This study had several strengths. The study population was large and derived from three different Mediterranean countries, with different fish consumption customs and a wide range of cord blood mercury concentrations, from 0.1 µg/L in Italy to 66 µg/L in Spain. We controlled that the majority of the total mercury in the cord blood derived from MeHg; in INMA we also adjusted for amalgam fillings and in PHIME we did a sensitivity analysis using MeHg measured in cord blood. In both analyses, we obtained very similar results to those obtained when using total mercury in the models. The genetic background was similar in the three countries, as indicated by the lack of heterogeneity in the meta-analysis, which justified a pooled data analysis, thus increasing the sample size and the possibility of obtaining associations.

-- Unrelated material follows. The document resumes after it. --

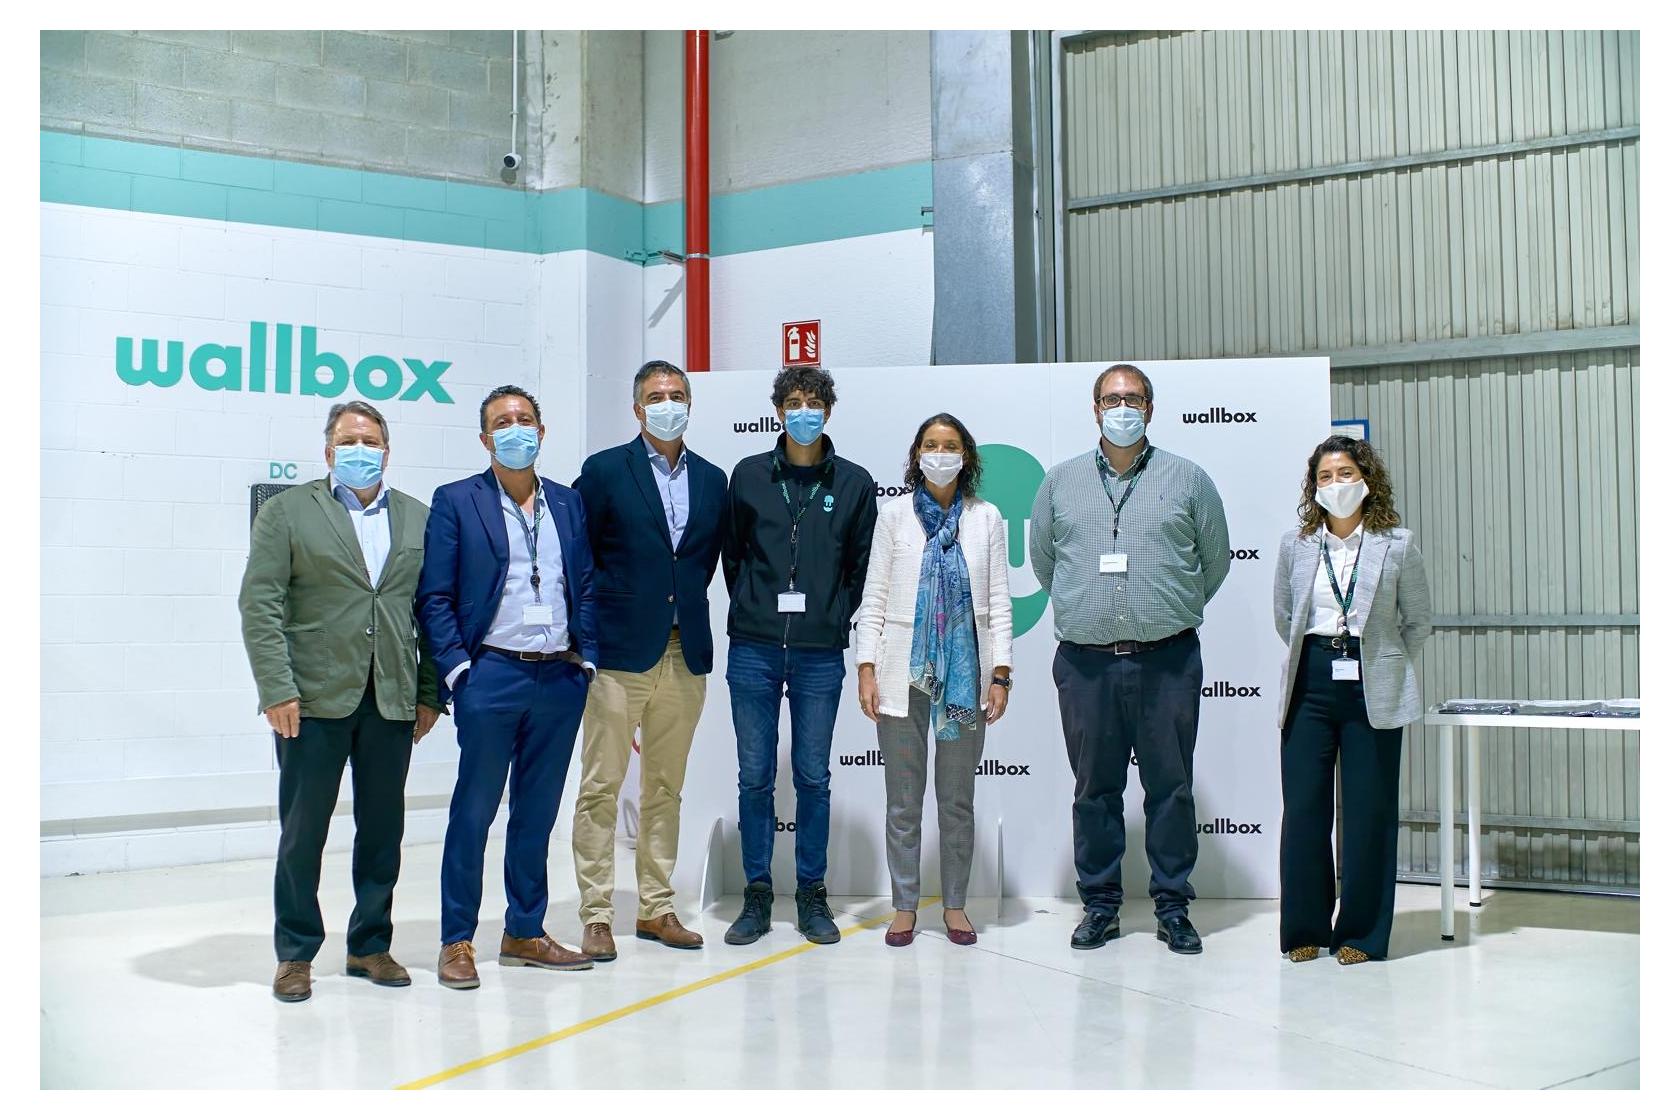 Spain’s Minister of Industry, Trade and Tourism visits Wallbox

Nevertheless, some limitations were identified that may have contributed to the uncertainty of the conclusions drawn. The analytical method used to measure the cord blood mercury concentrations was different between the cohorts. The LOQ was 30 times higher in INMA than in PHIME (2 ng/g vs. 0.07 ng/g, respectively); however, only 34 samples in the INMA study had concentrations below the LOQ. A sensitivity analysis was performed removing these 34 individual and the results obtained were the same as with the whole study population. The pattern of fish consumption (Spain>Greece>Italy) observed in this study was in accordance with previous studies [32]. However, differences in the fish intake variable were identified which limit the comparability between the cohorts. The timing of food frequency questionnaires (FFQ) was not the same in the countries. Indeed, the correlation between the fish intake and the cord blood mercury concentrations was lower in Greece, where the FFQ was administered 3–6 months after delivery, rather than during pregnancy. The fish categories included in the FFQ were also different among the countries, but we mitigated this by using an estimation of total fish intake for all countries. The methods of genotyping were different between the cohorts and this resulted in differences in detection for one of the SNPs (rs2032582, ABCB1), which is triallelic. We assumed that the A allele was detected as T in the INMA cohort and when merging the genotypes accordingly in the PHIME cohort the allelic percentages were very similar between the study populations. Additionally the sensitivity analysis excluding individuals with the A allele performed showed the robustness of this assumption.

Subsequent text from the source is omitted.